The question is whether corporate executives are capable of adhering to principled behavior, behavior that supports a good other than their own, in the absence of punishment of significant severity to balance out the significance of potential rewards for unprincipled behavior.
Extreme rewards cause the mind’s eye to be severely out of focus and nothing serves as well to focus the mind as the anticipation of hanging in the village square at sunrise. So it appears that we must periodically publicly execute an executive to assist us to become principled. It would be nice if they didn’t make themselves such convenient and obvious targets.
I have been in the corporate world long enough to know two things: most executives are principled and do seek to adhere to fundamental values; and, there are companies and there are subcultures in which the value of “winning” as defined by financial performance alone, completely overwhelms any other morality.
On June 10th Goldman Sachs stock hit a one year low after another report of legal problems. This time the SEC is investigating a mortgage investment Goldman bundled and sold in 2006. They were already investigating possible fraud involved with an investment Goldman created called Abacus, a CDO, that was allegedly set up to enable Paulson & Co. to take short positions against this basket of what they believed to be distressed mortgage securities, while at the same time marketing this to their customers.

Goldman Sachs CEO Lloyd Blankfein
This was obviously not set up on the Deming philosophy of “delighting” your customers. If you are selling something you have created to your customers while at the same time betting against it, you are shafting your customers and you are, therefore, not trustworthy. The morality of this is simple.
What proves to me, beyond a reasonable doubt, that Goldman has not learned the lessons of principle centered leadership is not the above charges. It is the pathetic game being played with a Congressional Commission investigating Goldman’s dealings.This week the Wall Street Journal reported that…
A commission probing the financial crisis denounced Goldman Sachs Group Inc., saying the firm first dragged its feet over requests for information then dumped hundreds of millions of pages of documents on the panel.

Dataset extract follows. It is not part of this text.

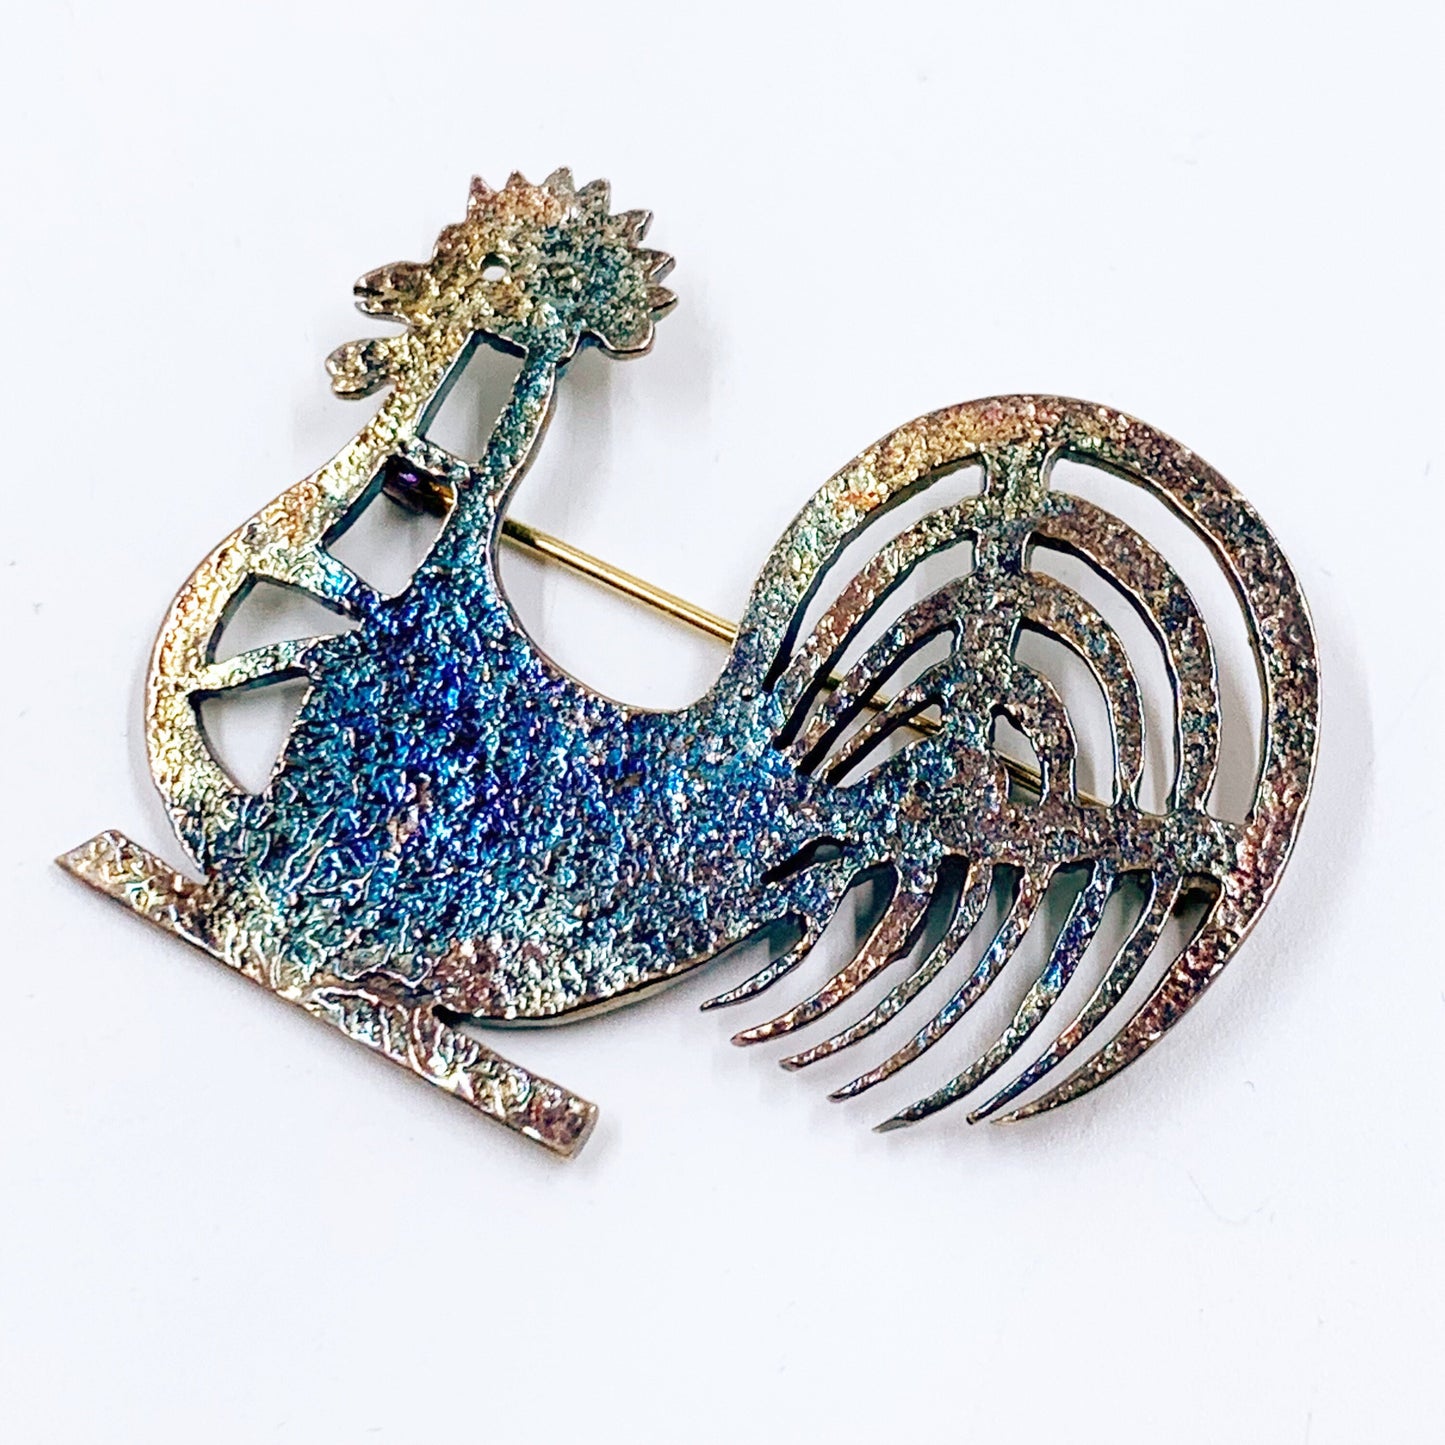 Vintage Silver Rooster Brooch | AARFAC Silver Rooster Pin
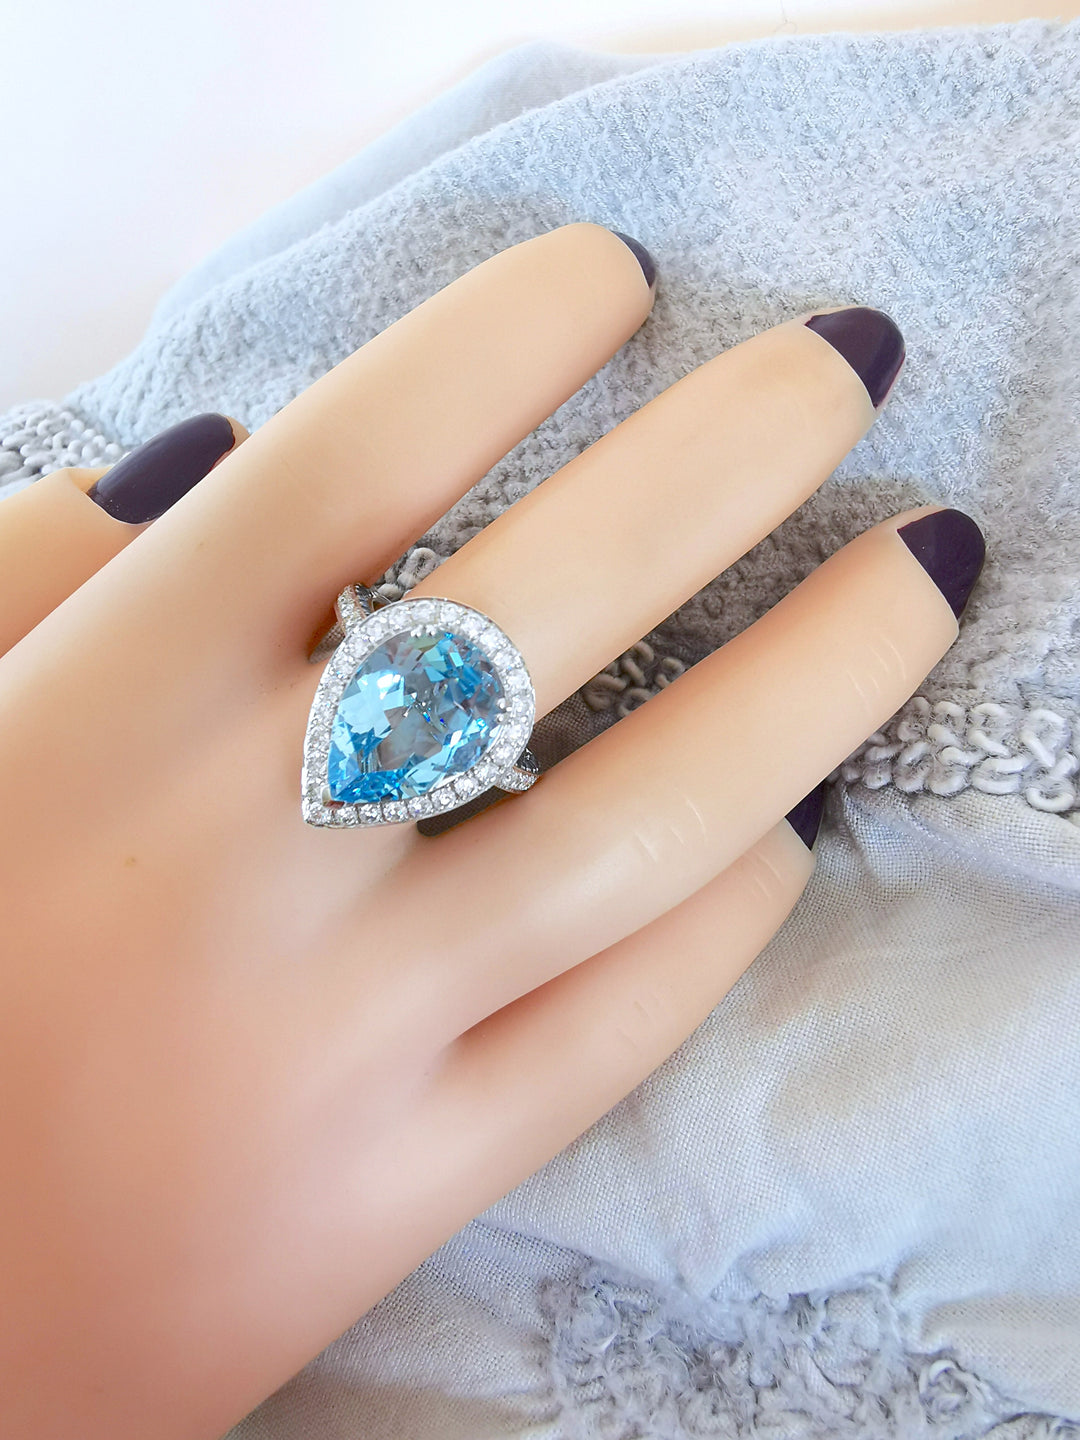 Bague Topaze bleue / Diamants / Saphirs / Or Gris 18 K / (750°/°°) / 18 carats

This is an old and tired lawyer’s trick: You want documents? OK, here is a truckload of documents. See what you can find! And the investigators are so overwhelmed with irrelevant documents that they never find what they are looking for. As the police tell young thieves everyday, “If your not guilty, why are you running away and making yourself look guilty?” The Goldman legal team is either tacitly admitting guilt or is too dumb to know what “guilty” looks like.
The virtual collapse of every major Wall Street financial firm was not sufficient to awaken the spirit of moral conduct or the sensibility of moderation. The intervention of the government, required to prevent the collapse of the entire financial system, allowed many of these executives to obfuscate their own participation in the events that led up to that disaster and caused their minds eye to be blurred to consequences of their own behavior.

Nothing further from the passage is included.